Implement BLS M-of-N like sporks

[UdjinM6]

The general idea is this:

• allow multiple hardcoded spork addresses (N) to be specified in chainparams/cmd-line/config (smth similar to -budgetparams but for -sporkaddress?);
• allow multiple messages with the same id/value signed by different spork addresses;
• (de)activate some spork only when at least M similar message with the same id/value signed by different signers were received (i.e. code changes of that nature: map<id,spork> --> map<id, map<signer, spork>> or smth like that).

[nmarley]

M of N? 😉

Great idea, I've been thinking of this also for several months. One of the questions I have is about who determines spork key owners. DIP2 could enable a type of TX for "Spork Candidate" and MNOs could then vote on those, and if sanctioned by the network, then those candidate pubkeys (or addresses) become part of the valid N set of spork keys. That would be part of a larger spork re-engineering which includes on-chain spork votes by spork key holders.

And obviously this enables Dash to be more decentralized by allowing MNOs to elect stewards to watch over the network. I think this would be much better than something like asking MNOs to directly vote on sporks, as this ability requires both timeliness and Dash network expertise -- knowledge of how each spork will affect the network.

[thephez]

I have not thought through the security implications of this enough to know if it is a reasonable idea, but it may eventually make sense to use reference spork key owners via BU instead of an actual address/key. This would probably have to be done via a process like @nmarley mentioned. Something to think about anyway... 🙂

[codablock]

I'm wondering if it wouldn't be better to "just" switch to BLS M-of-N here? With BLS based sporks, we'd not have to worry about multiple signed spork messages per spork. All the logic would stay the same for spork management and propagation.

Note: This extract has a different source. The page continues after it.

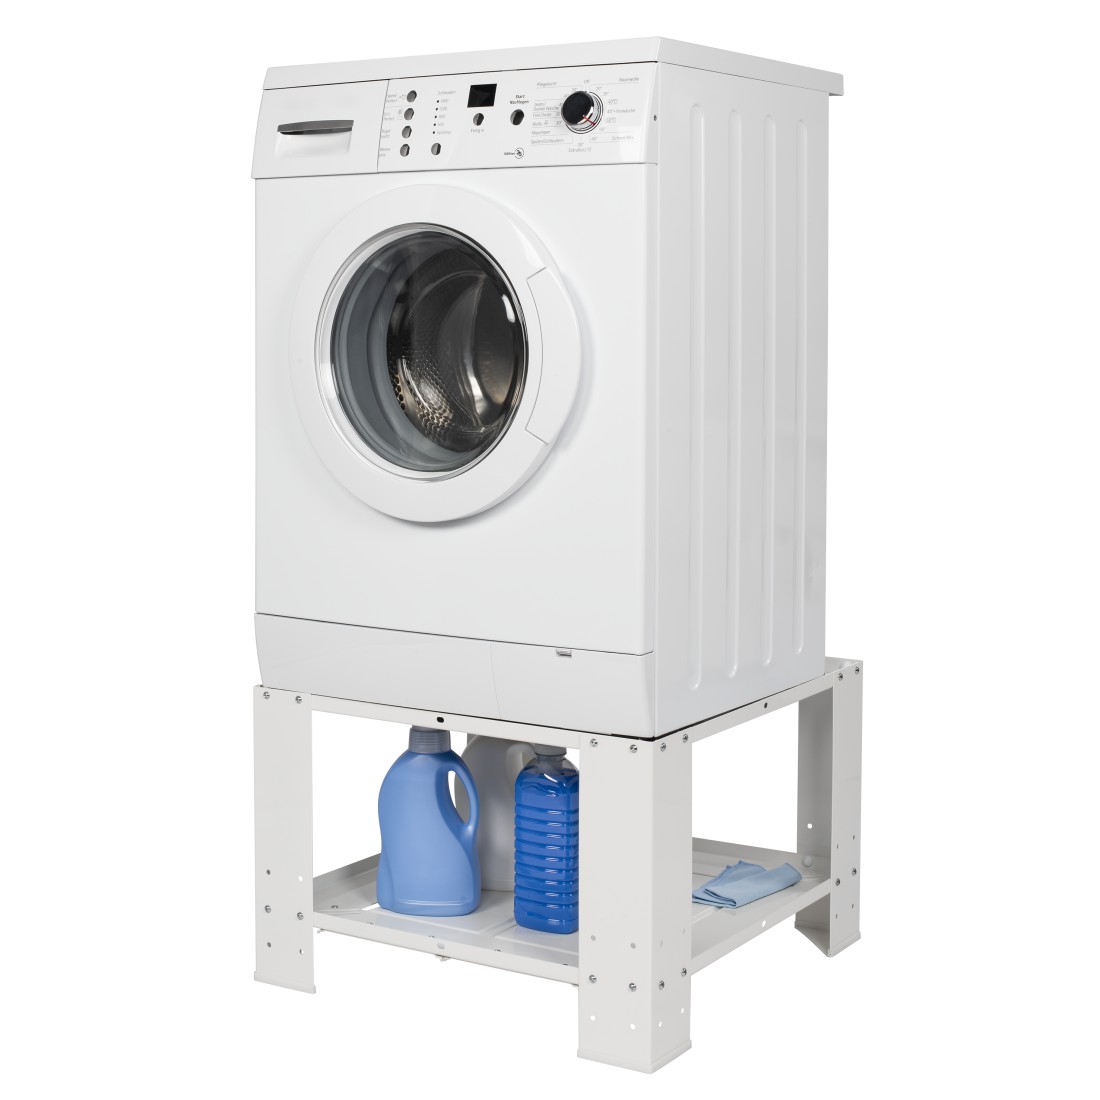 awx Druckfähige Anwendung - Xavax, Universalsockel für Waschmaschine und Trockner mit Ablagefach

There is however some additional effort required to allow offline DKG's controlled by RPC commands. So multiple devs would have to issue a set RPC commands to first agree on the threshold public key and then later perform other RPC commands to threshold sign individual sporks.

An alternative would be to leverage already existing LLMQs for the communication required in the "offline" DKG. So, devs would initiate a "offline" DKG session by issuing some RPC commands and Core would figure out which LLMQ to use for the communication. This would automate large parts of the "offline" protocol.

I have this planned already for the time when we eventually switch to using BLS for transactional signing. It would allow people to perform a trustless setup of a M-of-N address. It might also be useful for other stuff were people need M-of-N threshold signing (e.g. sporks).